Total Result Overview

plot 4.2. Latencies (95 percentile) during the test for EC2 with 2,4,8,16,32,48 and 64 vCPU for scenarios with 1,2,4,8,16,32,64,128 threads

plot 4.3. Percentage comparison Graviton and Intel CPU in throughput (queries per second) for EC2 with 2,4,8,16,32,48 and 64 vCPU for scenarios with 1,2,4,8,16,32,64,128 threads

plot 4.4. Numbers comparison Graviton and Intel CPU in throughput (queries per second) for EC2 with 2,4,8,16,32,48 and 64 vCPU for scenarios with 1,2,4,8,16,32,64,128 threads
Conclusions
- ARM CPUs show better results on EC2 with more vCPU and with higher load, especially in high-concurrency scenarios.
- As a result of small EC2 instances and small load, ARM CPUs show less impressive performance.
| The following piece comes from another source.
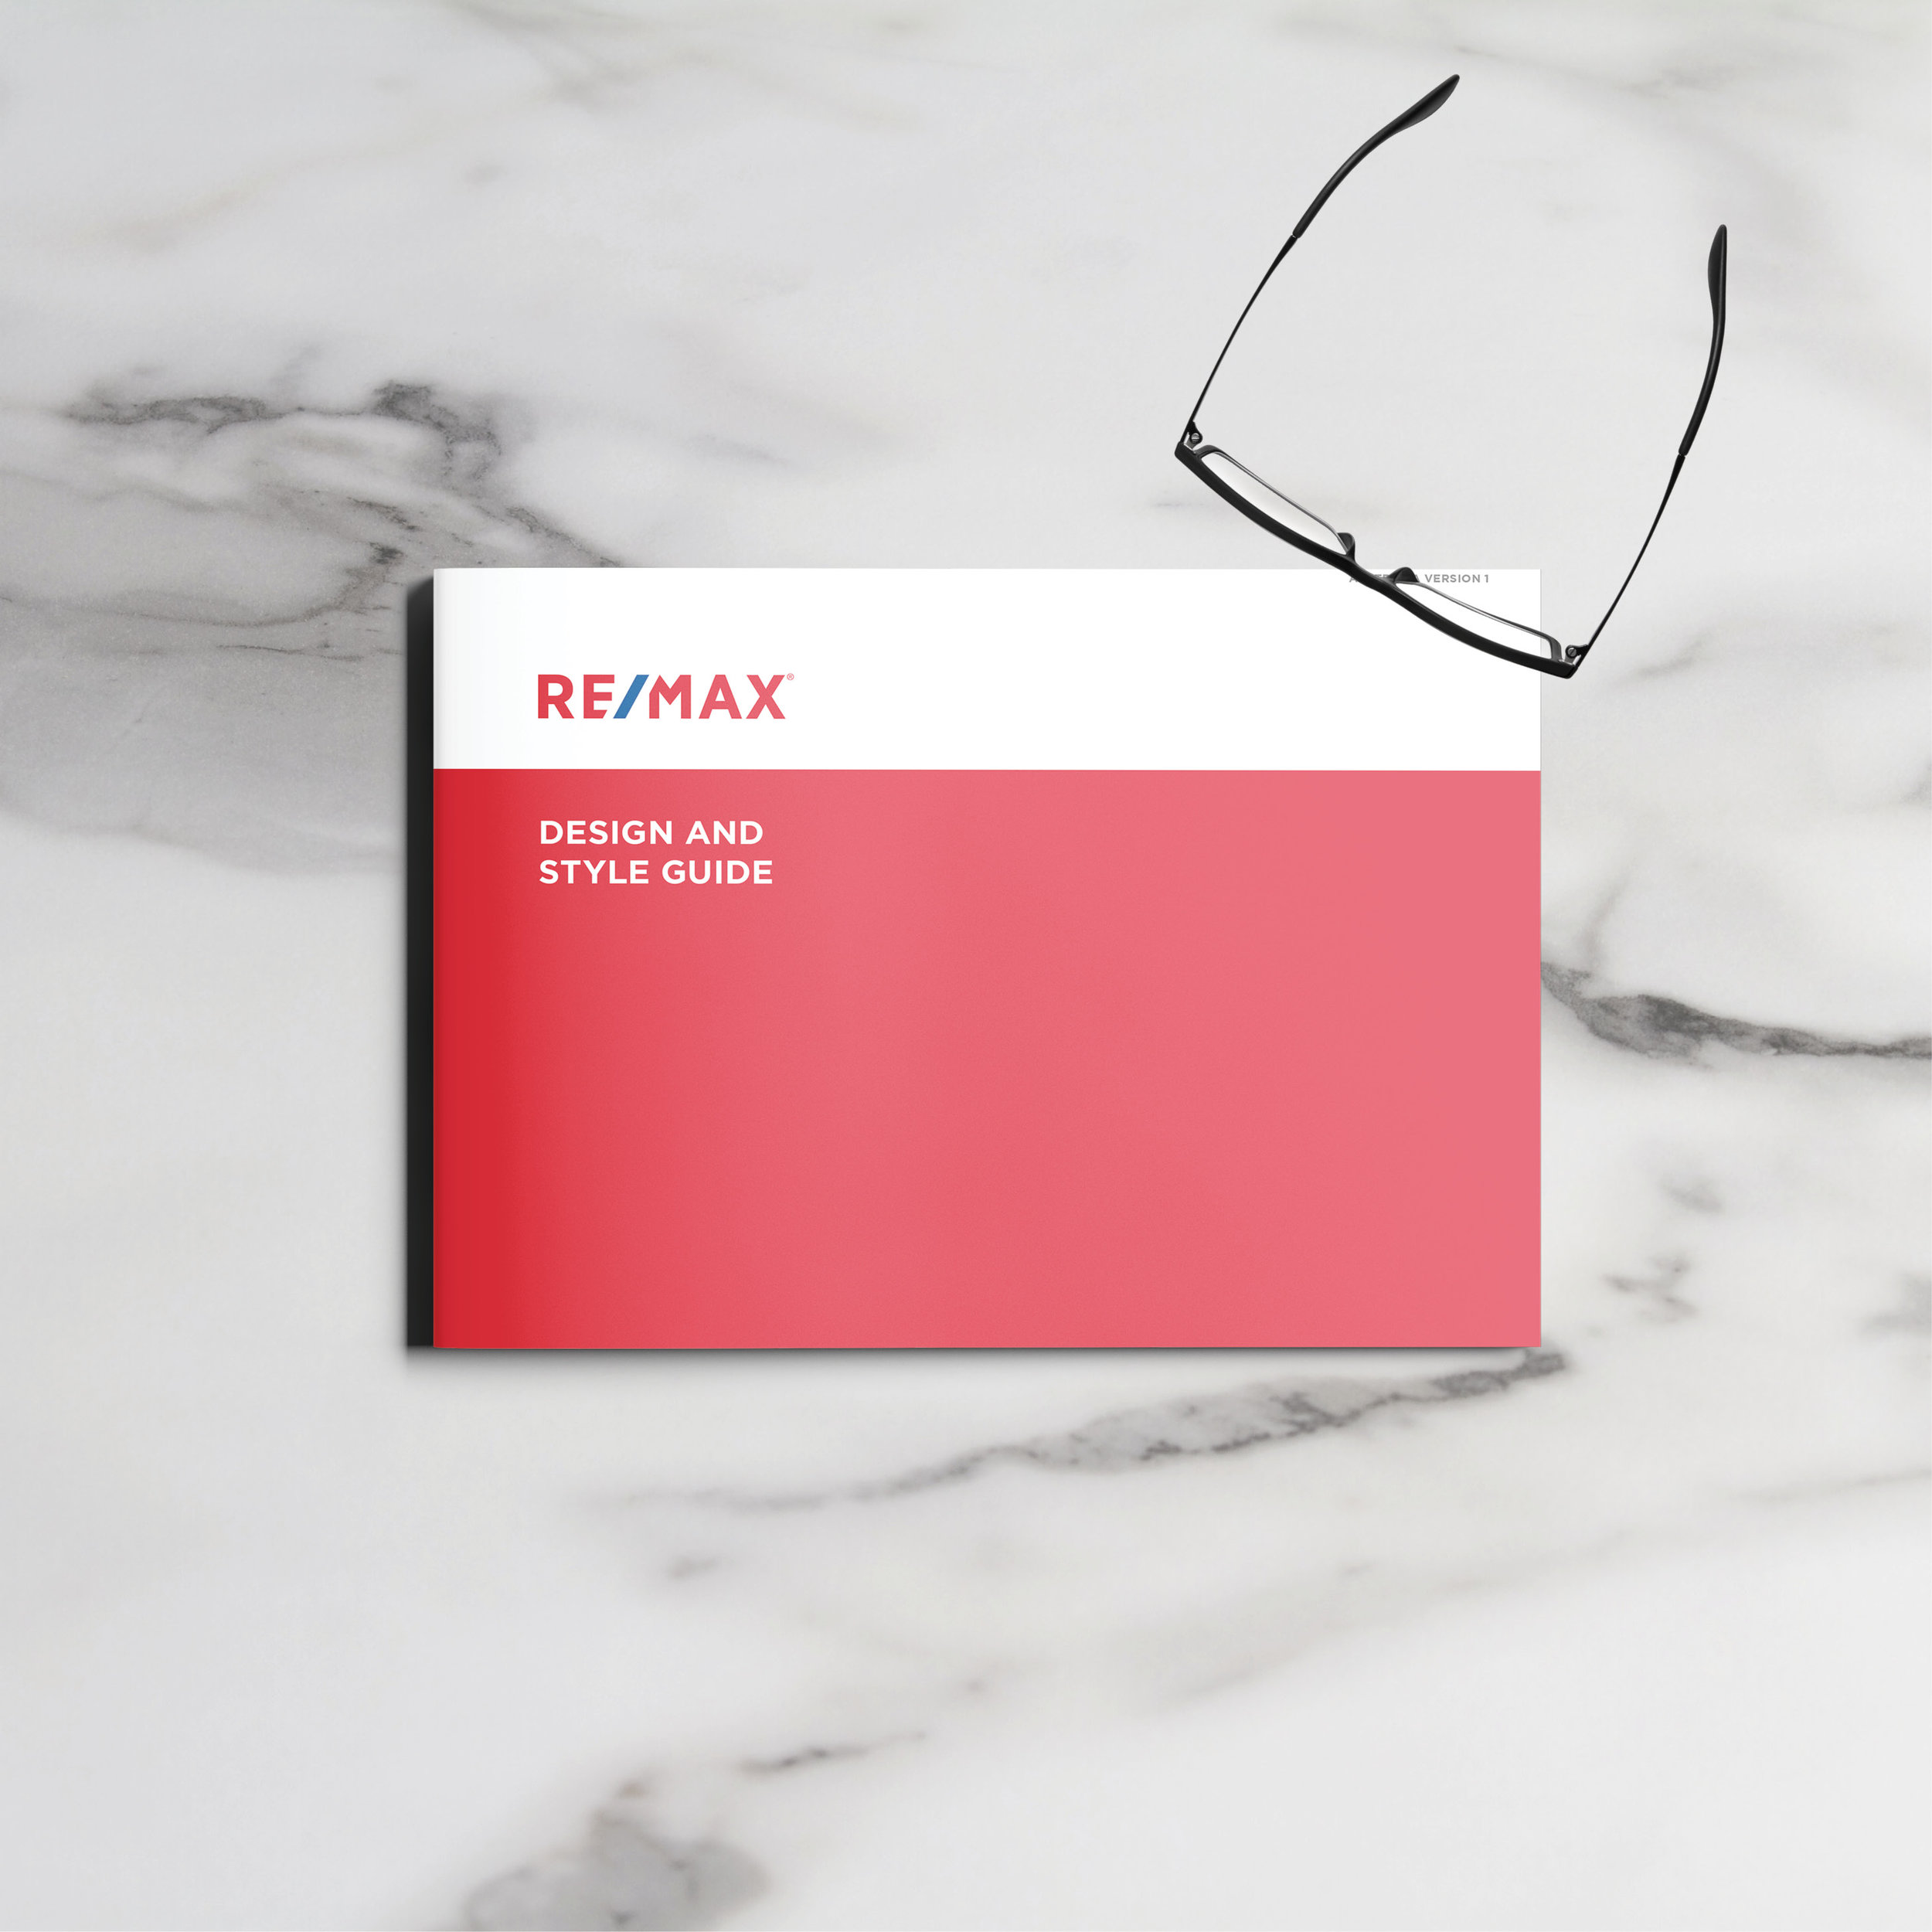 RE/MAX AUS & NZ Brand RE-FRESH

So we can’t see its benefits comparing with Intel EC2
- Intel is still the leader in the area of low-concurrency scenarios. And it is definitely winning on EC2 with a small amount of vCPU.
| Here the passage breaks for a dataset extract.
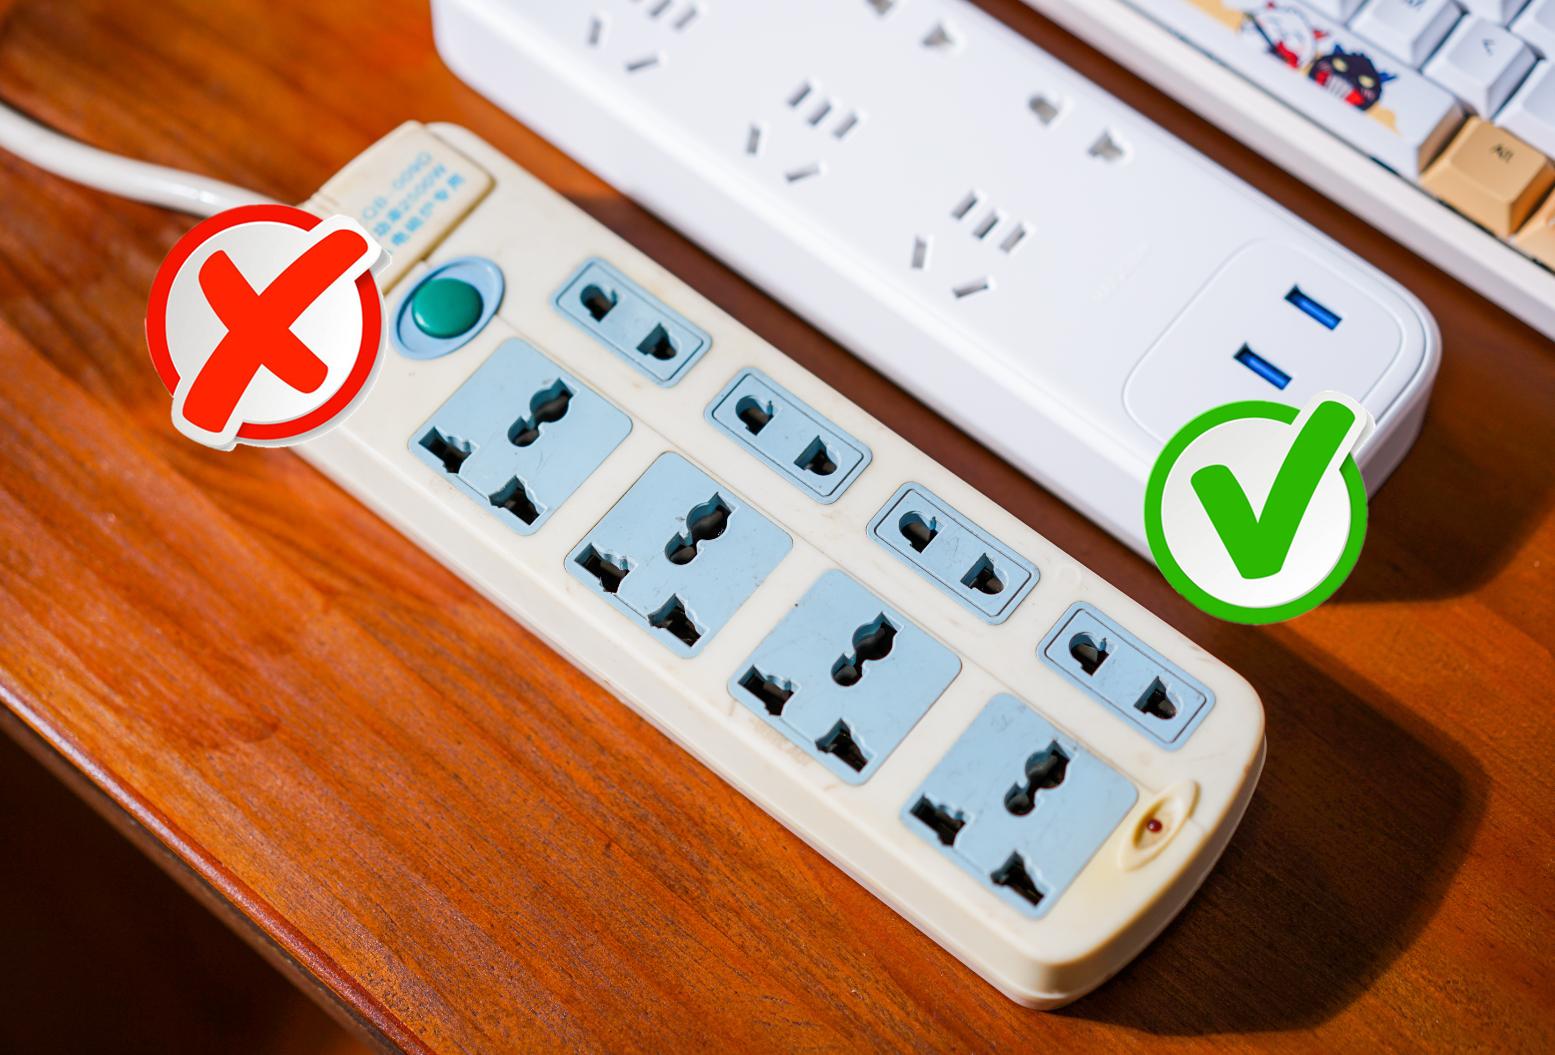 """实用的""""万能插座"""",为何被国家禁止使用?看看它的危害就明白了"""

- AMD does not show any competitive results in all cases.
Final Thoughts
- AMD — we have a lot of questions about EC2 instances on AMD. So it would be a good idea to check what was going on that EC2 during the test and check the general performance of CPUs on those EC2.
- We found out that in some specific conditions, Intel and Graviton could compete with each other. But the other side of the coin is economical. What is cheaper to use in each situation? The next article will be about it.
- It would be a good idea to try to use EC2 with Graviton for real high-concurrency DB.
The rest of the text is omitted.